I’d like to recommend visiting Jordan which is prominent due to its huge antique castles which are Shobak and Karak, where tease battles can be fought and mediaeval banquets are served under the vaulted walls and powerful ramparts.

----------


## andrwclark

You should try to visit most of them. In case, you have problem related to Visa, leave that company. Flying is best to reach there, but you will be rid off from many places. you should travel by car. You may use International SIM card to avoid roaming.

----------


## GFI

Well, I’d like to recommend visiting Dubai which is one of the world famous landmarks for fun holidays and tour etc.
When you reach there then you’ll find lots of activities like Dubai city tour, desert safari, Burj Khalifa tour, Helicopter tour and wild wadi tour etc. So visiting there and keep enjoying.

----------


## milfordplaza

The area between Arabia and India are generally designated by the Middle East. Although there has been much disagreement on those countries that are considered part of the region is known as the Middle East, many geographers agreed during recent years that the Middle East consists of 17 countries.

----------


## palestinevisit

After our visit of Palestine and Jerusalem, I would like to say that you should visit once. There are many places to visit and become your trip very memorable. VISIT PALESTINE is the best travel company for that.

----------


## princebroew

You should try to visit them. In this case, you have a problem with the visas, leave that company. Flying is the best way to get there, but you will get rid off from many places. You must travel by car.

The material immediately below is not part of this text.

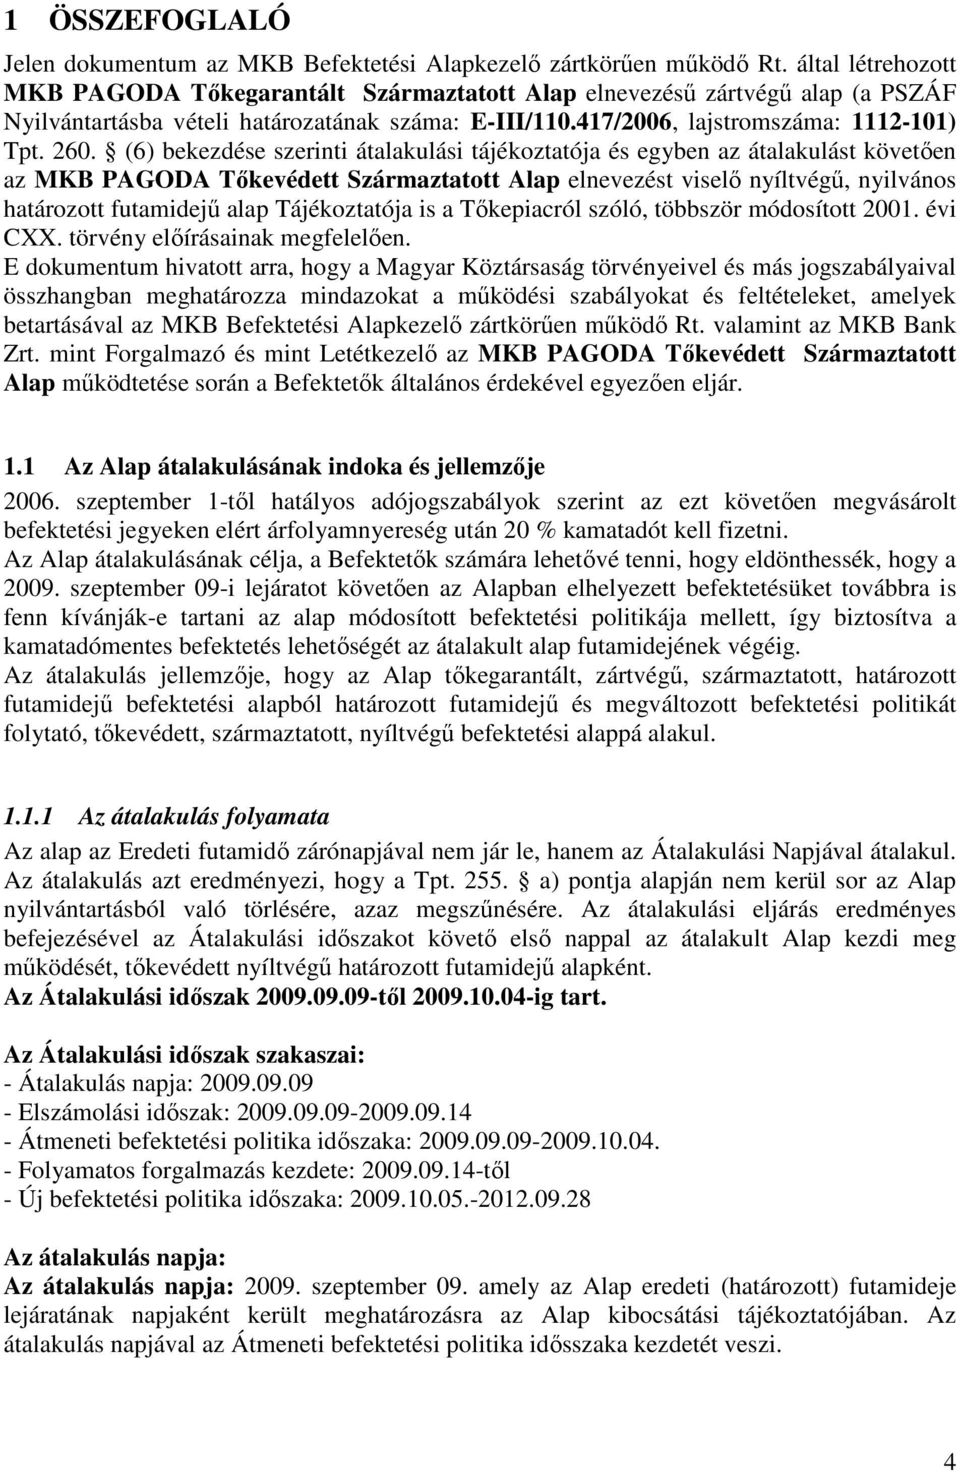 (6) bekezdése szerinti átalakulási tájékoztatója és egyben az átalakulást követıen az MKB PAGODA Tıkevédett Származtatott Alap elnevezést viselı nyíltvégő, nyilvános határozott futamidejő alap

You can use international SIM card to avoid roaming.

----------


## sankalppatil732

Many geographers agreed during recent years that the Middle East.I will definitely recommend you to travelers to take a tour towards this place.

----------


## davidsmith36

Indeed, I'd jump at the chance to suggest going to Dubai which is one of the world popular milestones for no particular reason occasions and visit and so forth. 
When you reach there then you'll discover bunches of exercises like Dubai city visit, forsake safari, Burj Khalifa visit, Helicopter visit and wild aqueduct visit and so on. So going by there and continue getting a charge out of.

----------


## steffidsouza46

Note that by visiting Israel you may not enter (on the same passport) all Middle Eastern, Gulf or North African countries, apart from Bahrain, Egypt, Iraq, Jordan, Qatar, Oman, Morocco, Mauritania, and Tunisia.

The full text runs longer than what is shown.